The broader pool of vulnerabilities flagged as more likely to be exploited spans a wide range of core Windows components. Organizations should prioritize assessment and patching across the following affected subsystems:

• Authentication & Identity: Active Directory, Windows Hello
• Remote Access: Remote Desktop Services
• Storage & File Systems: Storage Space Controllers, Common Log File System Driver, BitLocker
• Networking: TCP/IP, TDI Translation Driver, UPnP Device Host
• System Components: Boot Loader, Windows Search, Management Console, COM, Shell, Function Discovery Service, Desktop Window Manager

The sheer breadth of affected components underscores the importance of treating this Patch Tuesday as a high-priority update cycle rather than routine maintenance.

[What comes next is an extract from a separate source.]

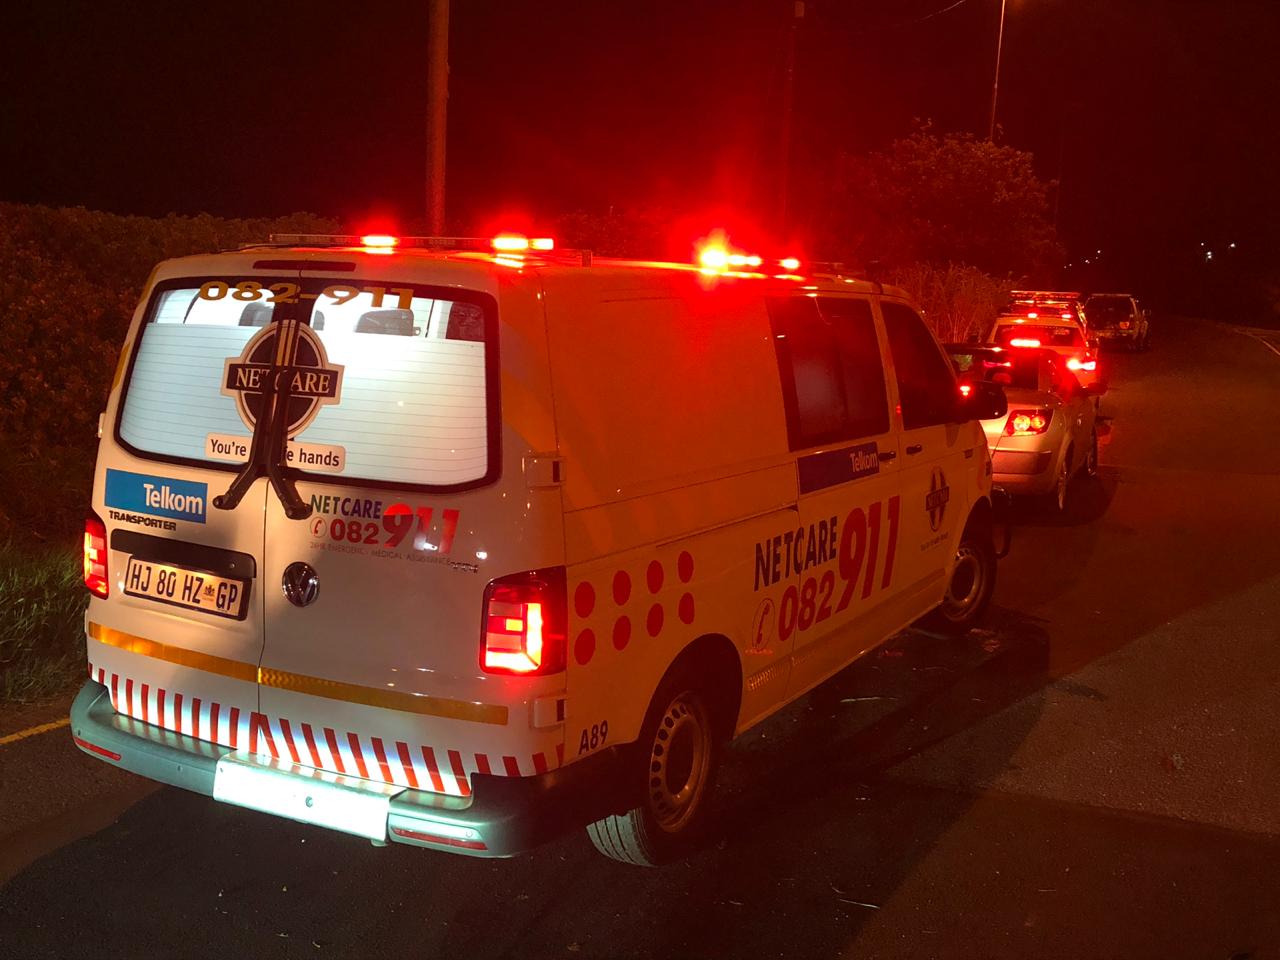 Durban man has seizures while driving on Freeway

Historical Context: The Second-Largest Patch Tuesday Ever

Satnam Narang, Senior Staff Research Engineer at Tenable, confirmed that this release is the second-largest Patch Tuesday in Microsoft's history by CVE count, narrowly behind the October 2025 release. Patching fatigue is a real concern for security teams, but a release of this scale demands structured triage: prioritize actively exploited vulnerabilities and those rated "exploitation more likely" first, then work through the remainder by exposure and criticality.

Adobe Also Ships Major Security Update

Coinciding with Microsoft's release, Adobe published fixes for more than 50 vulnerabilities spanning 11 products as part of its own April 2026 security update cycle. Organizations running Adobe software alongside Microsoft products should incorporate these patches into the same emergency patching window where possible to reduce the overall remediation timeline.

Conclusion: Prioritize Now, Especially SharePoint

April 2026's Patch Tuesday demands immediate attention from every security and IT operations team. The active exploitation of CVE-2026-32201 in SharePoint, combined with the public disclosure of CVE-2026-33825 (BlueHammer) in Microsoft Defender and 17 additional high-risk vulnerabilities, creates a dense and urgent remediation workload.

Start with SharePoint Server — apply the patch, check CISA's KEV catalog for guidance, and review network logs for indicators of exploitation. Then move to Defender and the broader Windows component stack. With 165 CVEs in a single release, there is no room for delay on the highest-severity items. Use vendor CVSS scores and Microsoft's own exploitability ratings as your triage framework, and treat the April 28 federal deadline as a hard target for your own patching timeline.